Congo, agguato al procuratore del caso Attanasio
Congo, agguato sulla strada dove sono morti l’ambasciatore e il carabiniere Iacovacci. «Soldati in abiti civili»
Sulle alture del Kivu, poco lontano da dove sono stati uccisi Attanasio, Iacovacci e l’autista, è stato assassinato martedì sera uno dei magistrati che indagano sulla morte dell’ambasciatore.
Dicono i congolesi: ma quale eliminazione, quel giudice è stato ucciso in una delle tante sparatorie tra militari rivali. Dice il governo italiano: comunque sia, questa è una morte che non deve fermare le indagini sull’assassinio del nostro ambasciatore. Sulle alture del Nord Kivu, regione di genocidi infiniti, poco lontano dal luogo in cui sono stati uccisi il 22 febbraio Luca Attanasio, il carabiniere Vittorio Iacovacci e il loro autista, Mustafa Milambo, proprio lì martedì sera è stato assassinato uno dei magistrati che indagano sull’agguato al diplomatico italiano. Il maggiore William Mwilanya Asani, revisore dei conti alla Procura militare di Rutshuru, è morto mentre tornava da Goma e da una settimana d’incontri con altri investigatori congolesi. Il suo convoglio, scortato dal colonnello Polydor Lumbu del contingente 3409 delle Fadrc, le forze armate, stava percorrendo al buio la strada verso Kaunga ed era arrivato all’altezza del villaggio di Katale, 20 chilometri dal luogo dell’assassinio d’Attanasio. Asani è morto all’istante, il colonnello Lumbu è ricoverato per ferite gravi.
Le indagini, fulminee, hanno stabilito che a sparare non sarebbero stati i «soliti» miliziani ruandesi delle Fdlr, accusati dal governo di qualsiasi delitto (compreso quello dell’ambasciatore). Stavolta l’agguato sarebbe stato teso da militari in abiti civili d’un altro contingente congolese, il 3416: «Avevano messo un posto di blocco sulla Rn2 — riferisce un portavoce della polizia —, quando hanno visto le jeep militari e hanno iniziato a sparare». I documenti trovati su uno degli assalitori, ucciso nello scambio di colpi, proverebbero dunque che c’entrano le rivalità fra soldati, piuttosto frequenti: un anno fa, sette militari furono uccisi da commilitoni mentre trasportavano 100mila dollari, destinati agli stipendi.

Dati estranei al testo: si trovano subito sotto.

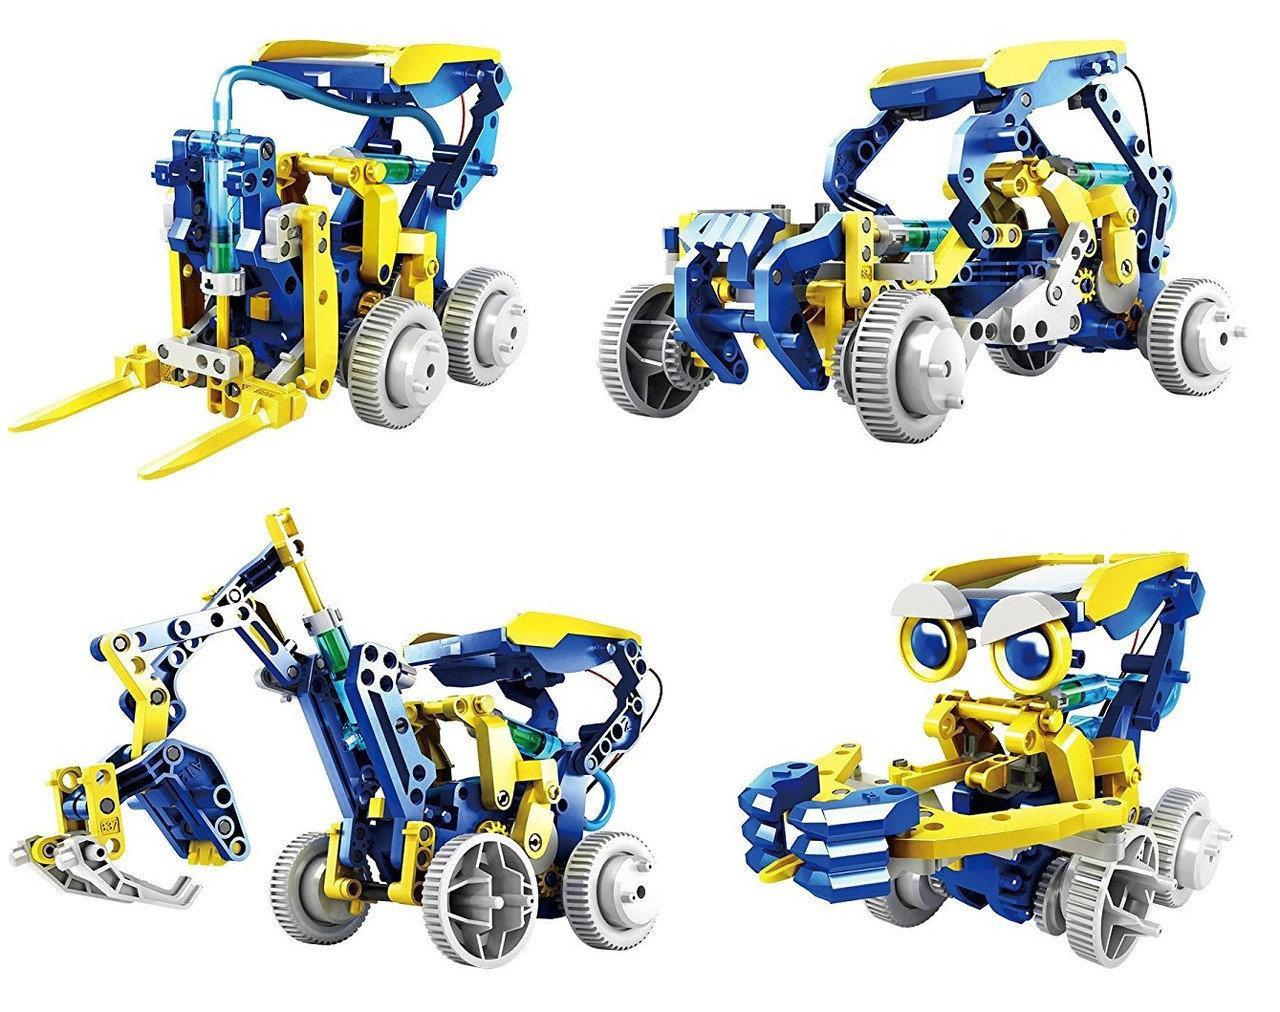 1948879964_w640_h640_robot_konstruktor.jpg

C’è da crederci? Un’ong locale molto informata, Cepadho, puntualizza scettica che «questo crimine è stato perpetrato da uomini armati, non identificati, uno dei quali è stato neutralizzato dalle Fadrc». «Le autorità congolesi impieghino tutte le risorse nelle indagini sull’uccisione d’Attanasio», è il mezzo no comment del governo italiano per bocca d’un suo sottosegretario, Stefania Pucciarelli.
Non è chiaro il ruolo del maggiore Assani nell’inchiesta. La Procura militare di Rutshuru è uno degli uffici incaricati d’investigare e poco trapela sulle milizie che nel Kivu si muovono pagate dallo stesso esercito.
A parole, solidarietà e collaborazione sono garantite: nelle ore dell’agguato ad Asani, a Kinshasa si celebrava in cattedrale una messa in suffragio e il presidente Tshisekedi incontrava il corpo diplomatico. Nella sostanza, sono pochi gli elementi forniti ai Ros inviati sul luogo. Tanto che in Procura a Roma non s’esclude di classificare il caso Attanasio come crimine di guerra, per poter indagare meglio chi finanzia, arma e dirige i gruppi armati nel Congo nordorientale.
L’agguato ad Asani è collegabile alle indagini che stava conducendo? «In Nord Kivu sono attive varie reti criminali legate ai militari», denuncia un attivista per i diritti umani, Jimmy Kamate Kighoma: difficile entrare nelle strategie legate agli attacchi. È anche per questo che le indagini italiane trovano un muro di gomma. «Se hanno avuto il coraggio d’uccidere un ambasciatore — dice Kighoma —, riuscite a immaginare che cosa fanno a noi cittadini?».